Cameron’s Tories and the GOP

Via Andrew, I see that Gideon Rachman writes:

Like many youngish politicians, Mr Cameron would dearly love to embrace President Barack Obama and to drink deeply from his aura – if such a thing is possible. But the Tory leader has to pretend that the US politicians he is closest too are the likes of Mitt Romney, Newt Gingrich and Sarah Palin.

This is a pretense that is increasingly painful.

[…] From guns to God to taxes to climate change, the Tories and the Republicans are really no longer on the same political planet. This problem would become far more acute if a Tory victory in Britain next month was followed by a sweeping Republican victory in the mid-term congressional elections in November. Who exactly would a Prime Minister Cameron side with when political war broke out on the other side of the Atlantic? His political allies in Congress or his political hero in the White House?

This is related to what I was writing about the other day. Now, to repeat, I think Cameron would be a conservative were he American. But a disillusioned, troubled Republican. Does he even pretend to have anything much in common with the Party of Newt and Palin? No, not really. Neither they nor Romney have been invited to speak to the Tory party conference and nor will they be. No, the Republicans Cameron invites to speak to the Tories are Schwarzenegger and John McCain. Even then it’s the 2000 vintage of McCain the Tories have in mind, not his current incarnation.

(Admittedly, there are a good number of grass-roots Tories and a good deal of the conservative commentariat that would like Dave to be more like the GOP. On the other hand, he’d quite like to win the election.)

It’s neither a surprise nor a coincidence that Anita Dunn is advising the Tories this month. Nor can one imagine that she didn’t check with the White House before taking on a gig that, I suspect, has infuriated some of the GOP consultants who might have considered this lucrative contract their territory. But it also means that Cameron, if he wins, already has a channel to the Obama White House that is based on more than just his new position as Prime Minister.

Rachman also argues that Cameron, thanks to his party’s horror of europe, will be cut-off from mainstream european conservatism too.

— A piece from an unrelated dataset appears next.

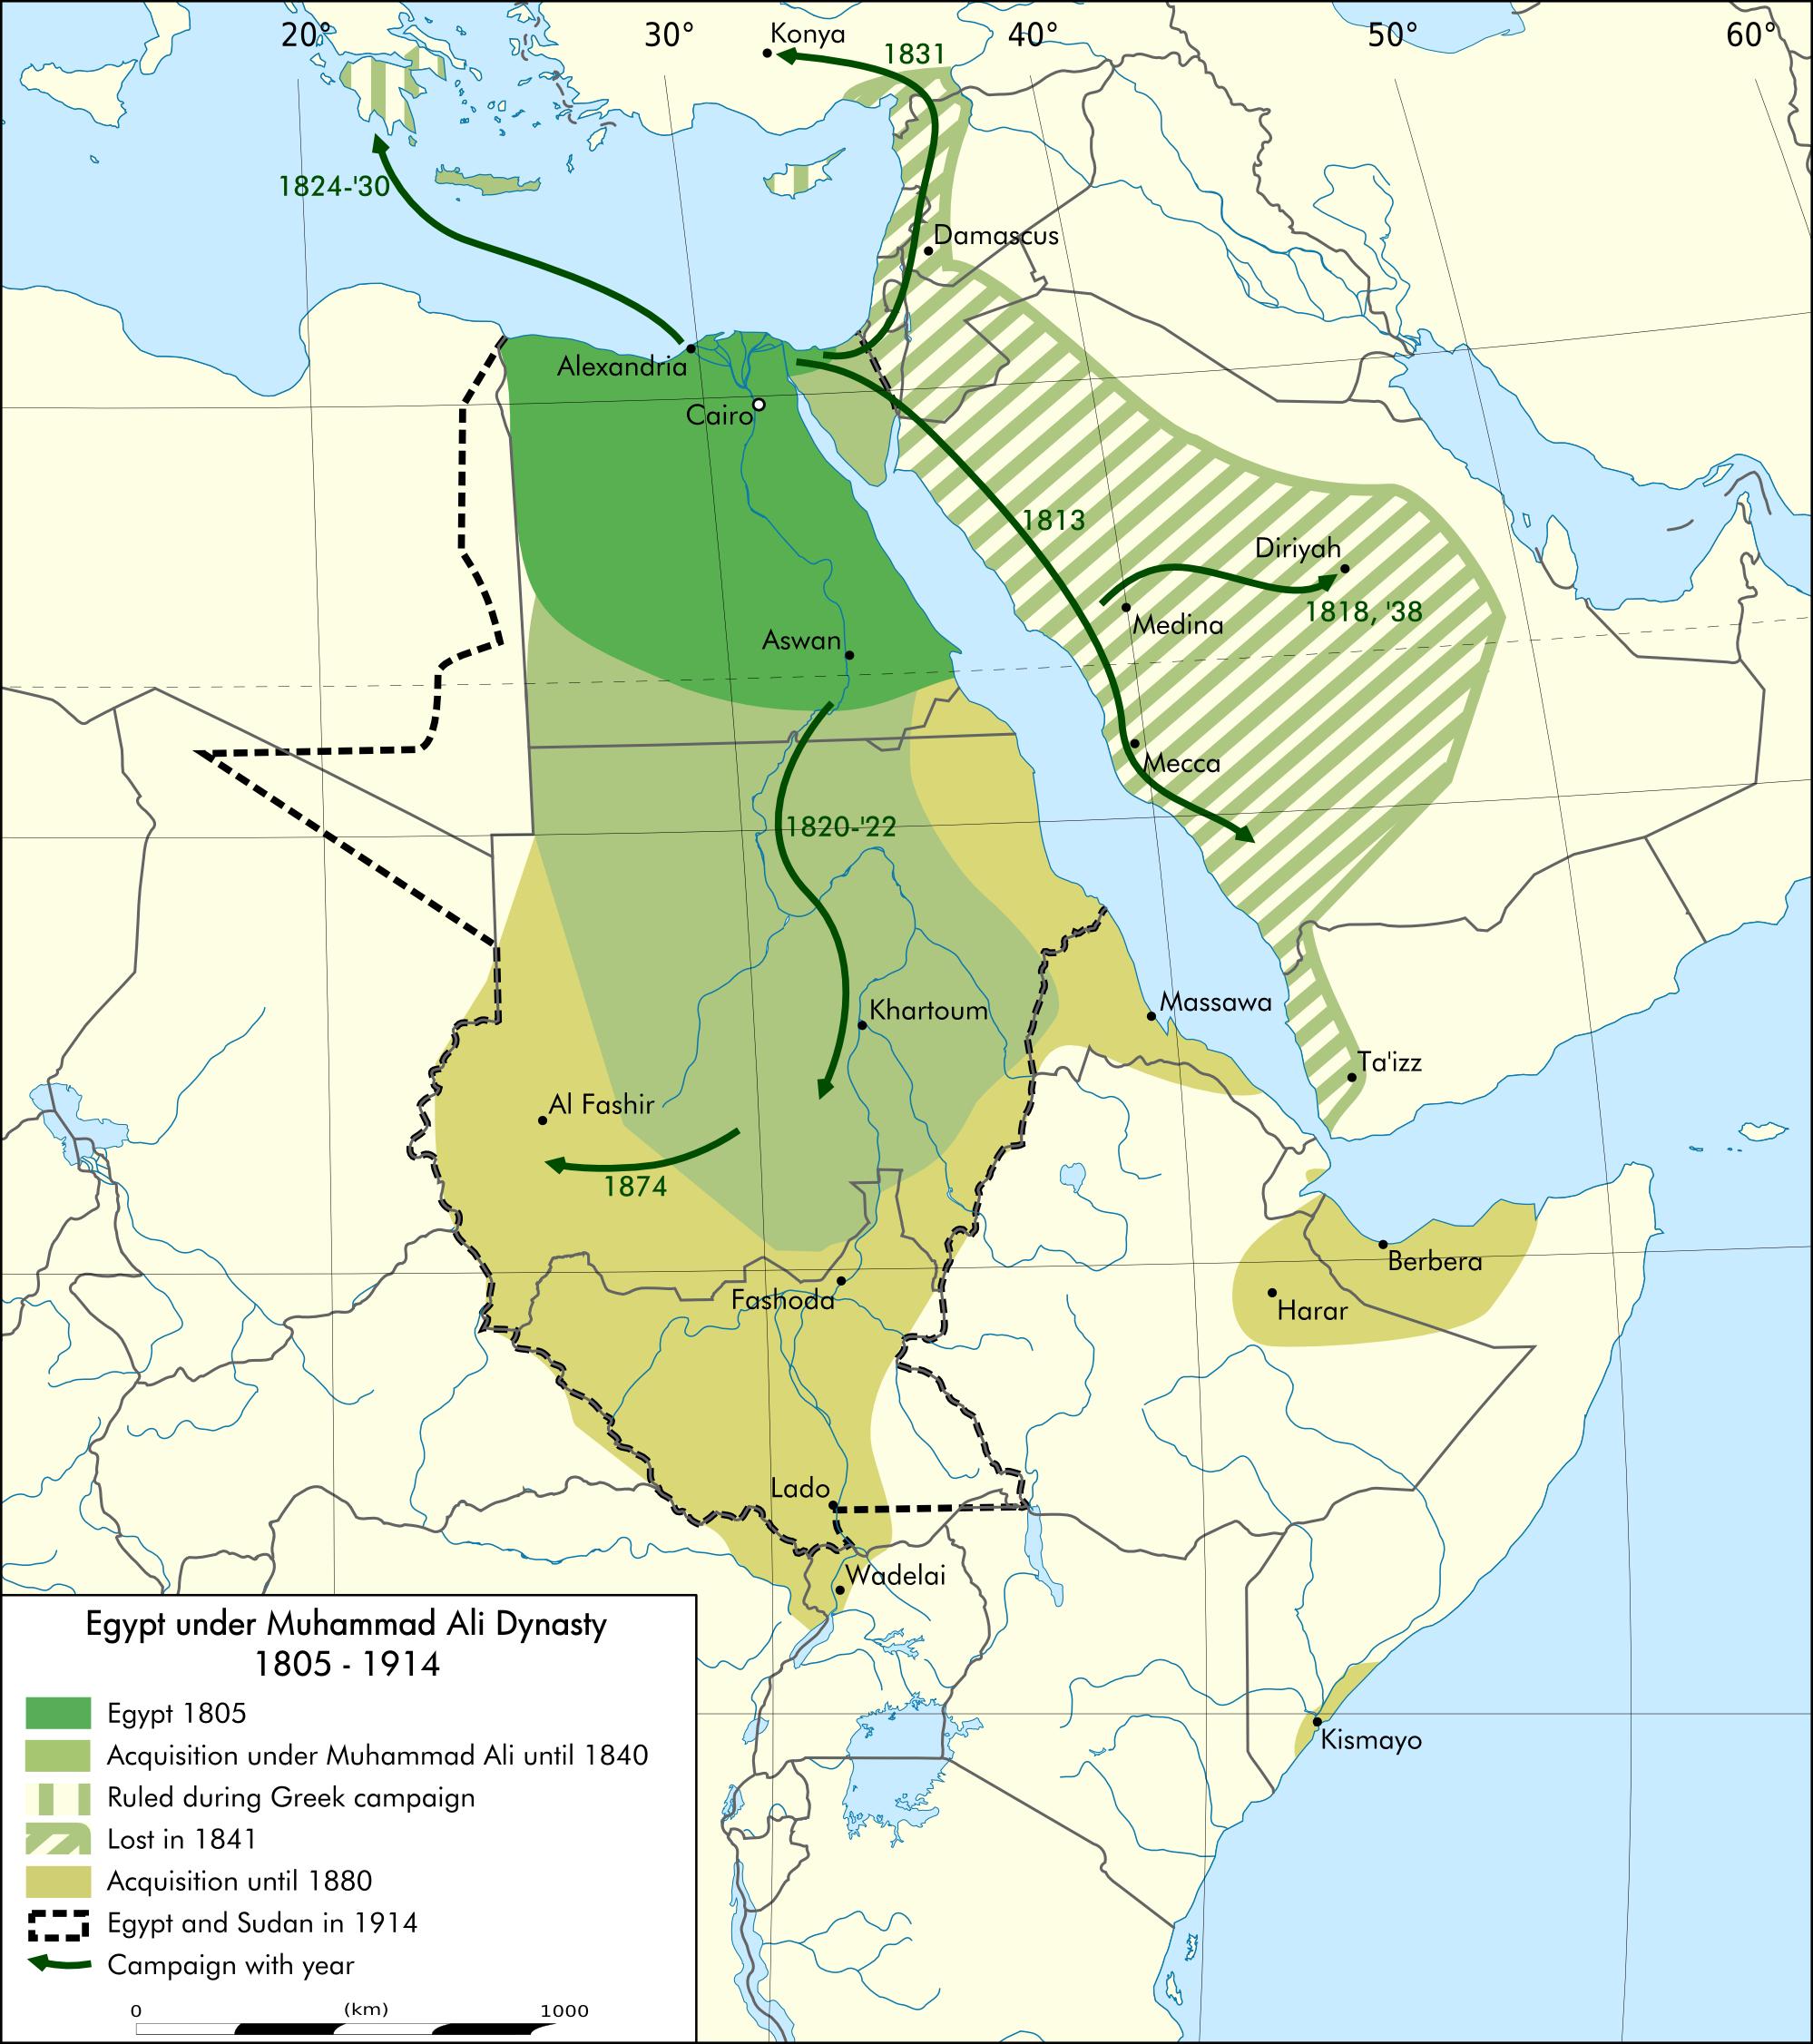 file egypt under muhammad ali map de png g o maps egypt Egypt History Map file egypt under muhammad ali map de png g o maps egypt pinterest egypt history pdf

Perhaps and if anything is likely to cripple a Cameronian ministry europe must be considered the most likely subject. Still, if the Tories are isolated then, hell, that’s a grand old Tory view ain’t it: Continent Cut Off, America Too.

For that matter the question of Cameron having to choose between the White House and Republicans in Congress is, as they say, a no-brainer. He chooses, in as much as he has such a luxury, the White House.